Daily Independent (Ashland, KY)


May 8, 2014

Lana Bellamy: Politics vs. government: 05/08/14

ASHLAND — Politics and government are not synonymous. Many people accidentally confuse the close relationship between politics and government to mean they are one in the same, but this is not true.

And never has the difference been as important as it is today.

In two weeks, Kentucky will open the polls for several exciting local, state and congressional primary elections. Each voter must decide his or her own method of selection, but the question is: Will they play into the politics or use their vote to promote prosperity?

As a student of political science, I have studied the role of politics in government. Government encapsulates the operations and functions of departments, agencies, elected officials and other similar fields. Politics is more of a sociological study of the role of individuals.

In other words, the base unit of study for politics would be individuals, while the base unit of study for government is more similar to institutions.

To bypass the scholar talk, my point is a hefty amount of politics is being played in Kentucky right now.

In Boyd County alone, there will be upwards of seven elections with nearly all candidates facing primaries opponents. If most of the other 119 counties in Kentucky are facing these circumstances, just imagine the amount of campaigning happening in the Bluegrass. Political campaigns are meant to encourage, persuade and inform voters on behalf of election-runners. But somehow, the informational motive of campaigning has fallen by the wayside, in favor of what are called “smear” campaigns run by mudslinging candidates.

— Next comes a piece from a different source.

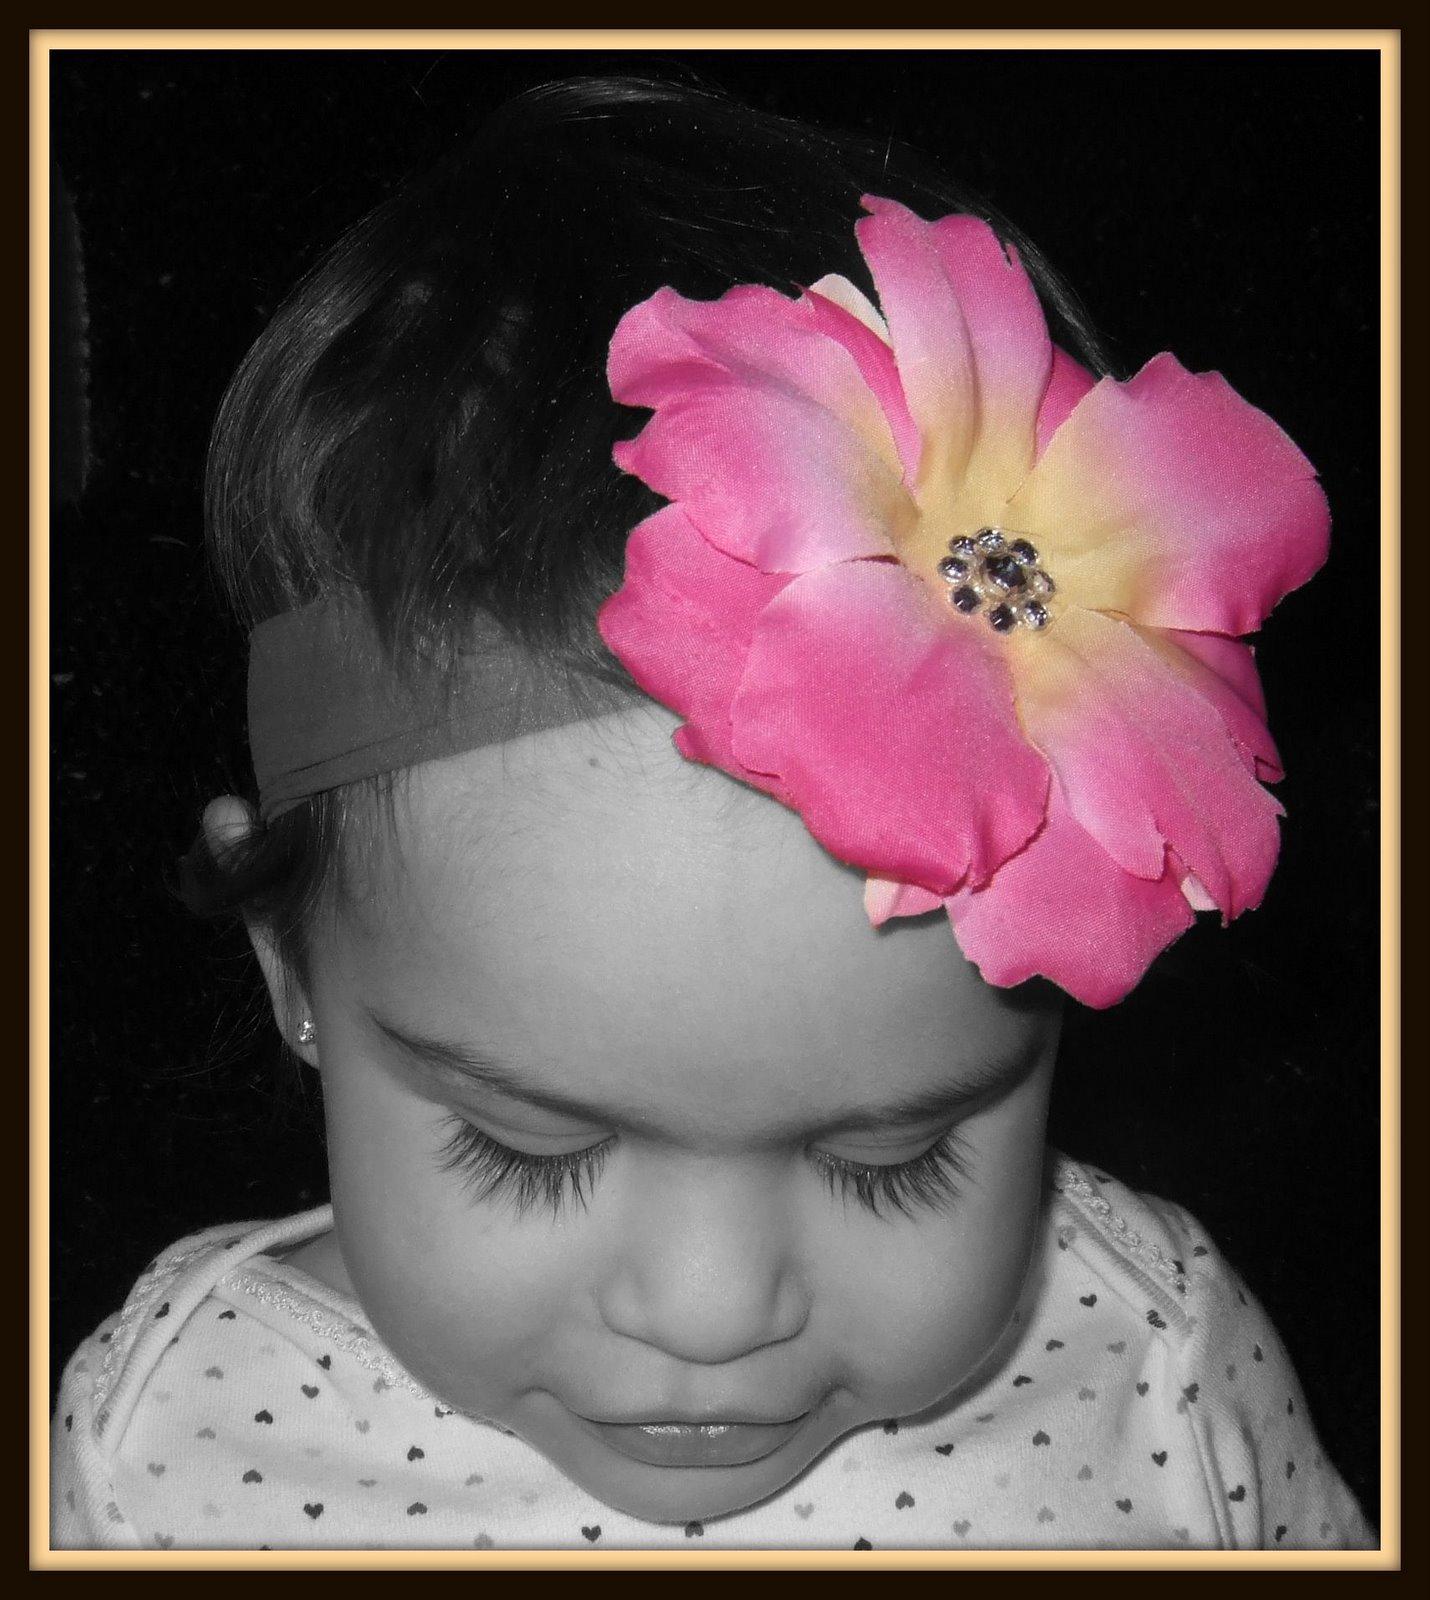 http://3.bp.blogspot.com/-L0VWunjXzBI/Rx06LI7oPII/AAAAAAAACKE/qgMq0Sx3ys4/s1600/flowerbaby3.jpg

Because of this, the whole subject of politics gets a bad reputation. I am not naive; I know hundreds of people love nothing better than to indulge in the negativity and drama of smear campaigns. And when they head to the polls on May 20, they will have no problem casting a vote in the name of snubbing someone else.

However, I encourage voters to refrain from that behavior and not get wrapped up in the politics, the personal relationships, the sociological motives of individuals. Instead, focus on what a candidate can do to improve the bigger picture, how he or she can better government, as a whole.

Ask yourself these types of questions: Can the candidate improve our governing institutions? Can the candidate manage his or her adherent departments? Does the candidate promote efficiency and fairness in all governmental functions?

You have two weeks to figure it out. Choose to rise above and make our community a better place.